The Queen led them down the narrow dark passageway, the sounds of battle occasionally drawing near.
“What is this place?” Albashire wondered.
“Servant corridor.”
“Oh, like a secret passage.”
“Nothing so garish. These allow the men to move around the palace without being seen.”
“Yeah, we wouldn’t want men to be seen, what a crime against the forest that would be,” Privet grumbled.
Athel thought sadly on the men of her household leaving her. “You were right, Privet.”

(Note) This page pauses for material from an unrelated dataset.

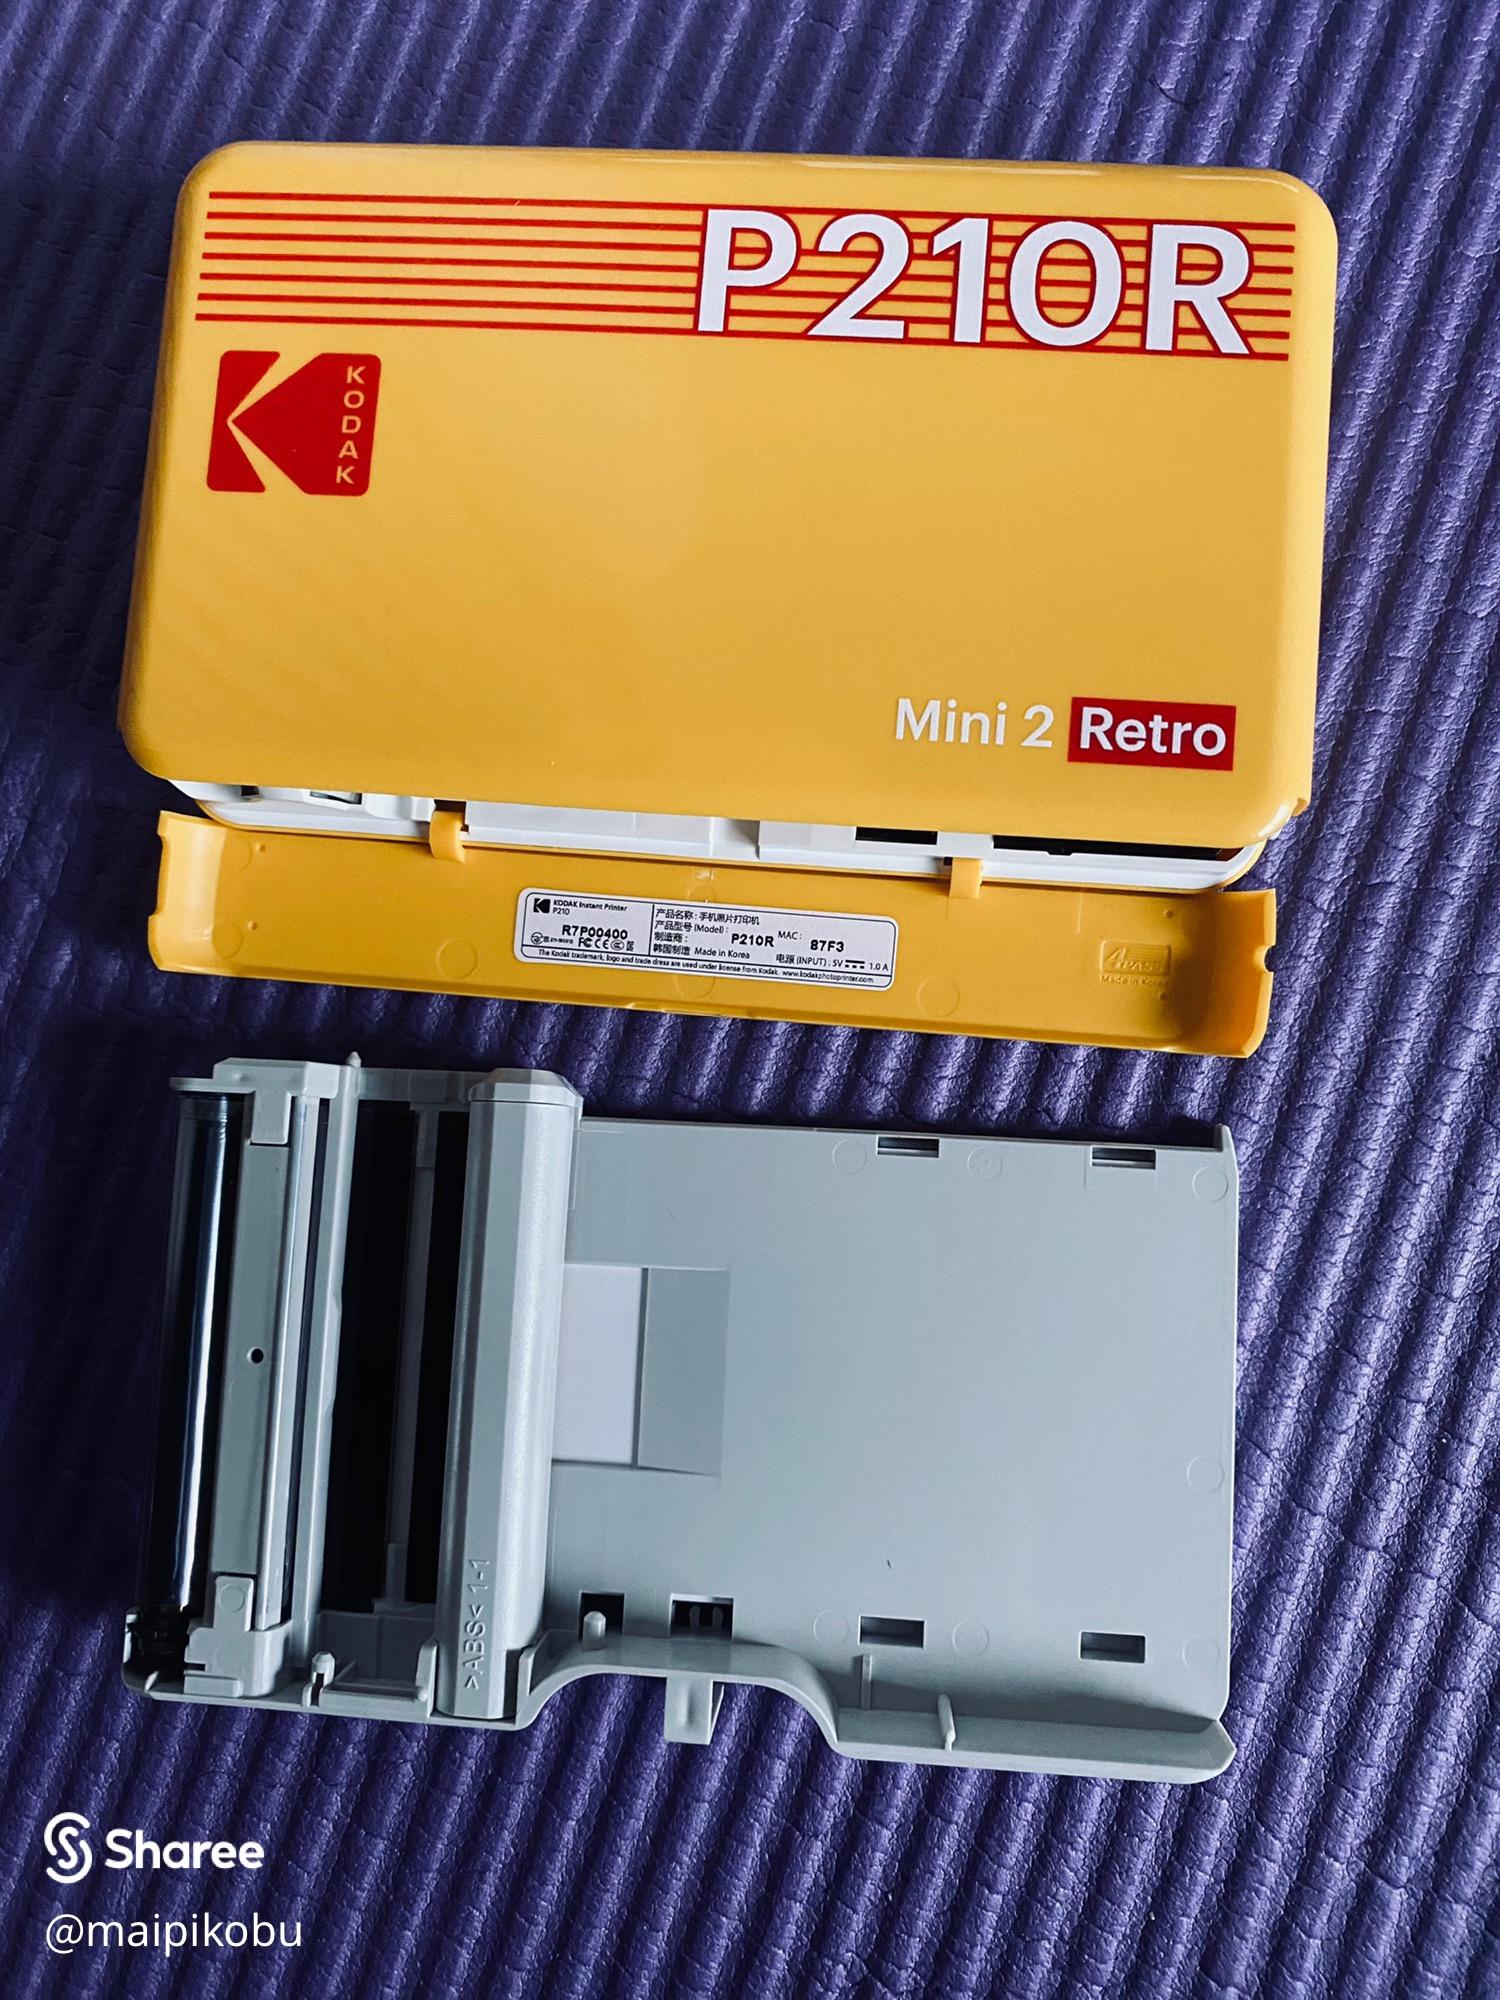 KODAK MiniレトロP21OR 14,900円の良い点・メリットに関するマイピコブーさんの口コミ画像2

“Of course I was. About what?”
“You told me once that my mother may have been kind to our men, but she was no abolitionist. At the time I thought you were just being flippant. Now, I see that you were right. I didn’t even try to understand how the men felt.”
“Neither did I,” Talliun added. “Until I was treated like one of them.”
The sounds of battle and the squealing of the trees from below grew stronger.
“Yeah, well, none of that will matter if we don’t get you two out of here safely,” Privet said.
“It lets out right here.”
A fireplace in the grand foyer pivoted open like a door, and the four of them exited warily.
“It’s just over this way,” the Queen pointed. “Past the scullery.”
Privet closed the fireplace and the doors to the foyer opened on the opposite end. They all whipped their heads over and saw Calla Forsythia standing there in the doorway, wearing her grey uniform. From the look on her face, she was just as surprised to see them as they were her.
The Queen and Calla locked eyes. From the corridor beyond, a squad of black guard could be heard drawing near.